I am trying to find a displacement function for the following scenario: A particle starting at some $(0,r_0)$ for positive $r_0$ is given an initial velocity $v_0$ upward, but experiences a variable acceleration towards the x-axis. This acceleration is given by $a=\frac{Gm}{r^2}$, where G and m are constants and $r=r(t)$ is the straight-line distance between the particle and x-axis.
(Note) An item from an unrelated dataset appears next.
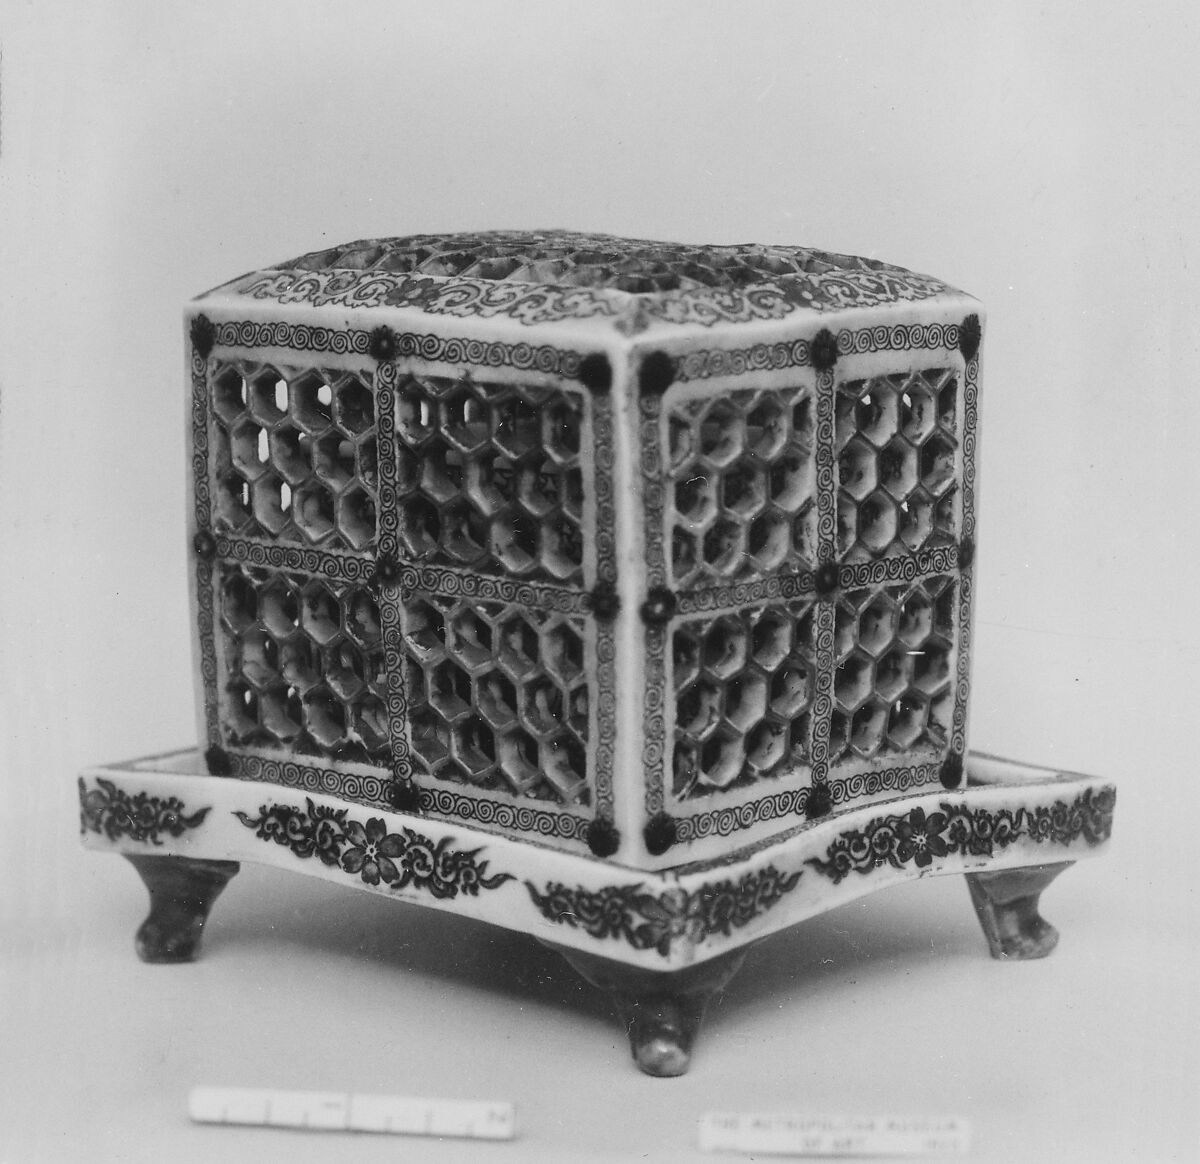 Censer with Pierced Design, White porcelain decorated with enamels; cover pierced (Hizen ware, Kutani type), Japan

I have tried first solving $a=\frac{dv}{dt}=\frac{d^2r}{dt^2}=\frac{Gm}{r^2}$ for r(t) via Wolfram Alpha but this yields something that looks impossible to find an explicit expression for r(t) with. Any help would be appreciated.
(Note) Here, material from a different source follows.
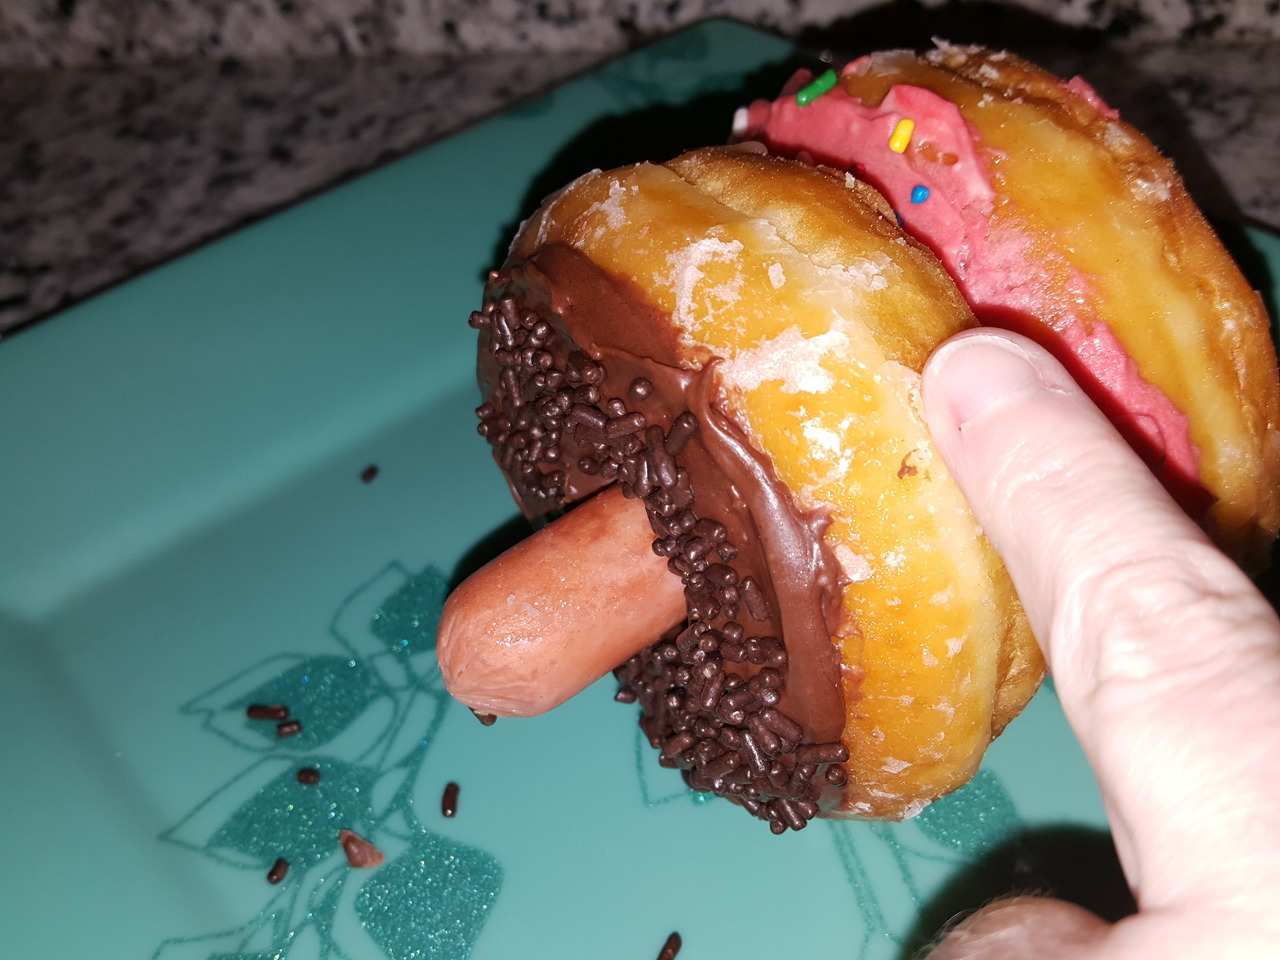 The Dog-NutYou probably don’t need specific instructions on how to make a Dog-Nut, but this photoset features store-bought donuts, Morningstar veggie dogs, and homemade chocolate and vanilla icing! I...

Following the movement law
$$ \ddot y = -\frac{Gm}{y^2}\Rightarrow \ddot y \dot y= -\frac{Gm\dot y}{y^2}\Rightarrow \frac 12\dot y^2 = \frac{Gm}{y}+C_1 $$
we get at
$$ \dot y = \pm\sqrt{2\frac{Gm}{y}+C_2} $$
this ODE is separable
$$ \pm\frac{dy}{\sqrt{2\frac{Gm}{y}+C_2}}=dt $$
giving
$$ \pm\left(\frac{2 G m \tanh ^{-1}\left(\frac{\sqrt{C_2+\frac{2 G m}{y}}}{\sqrt{C_2}}\right)}{C_2^{3/2}}-\frac{y \sqrt{C_2+\frac{2 G m}{y}}}{C_2}\right) = t + C_3 $$
The problem is to find the inverse function to determine $y=f(t,C_2,C_3)$
NOTE
Here $C_2$ can be determined as follows
$$ v_0 = \pm\sqrt{2\frac{Gm}{r_0}+C_2}\Rightarrow C_2 = v_0^2-2\frac{Gm}{r_0} $$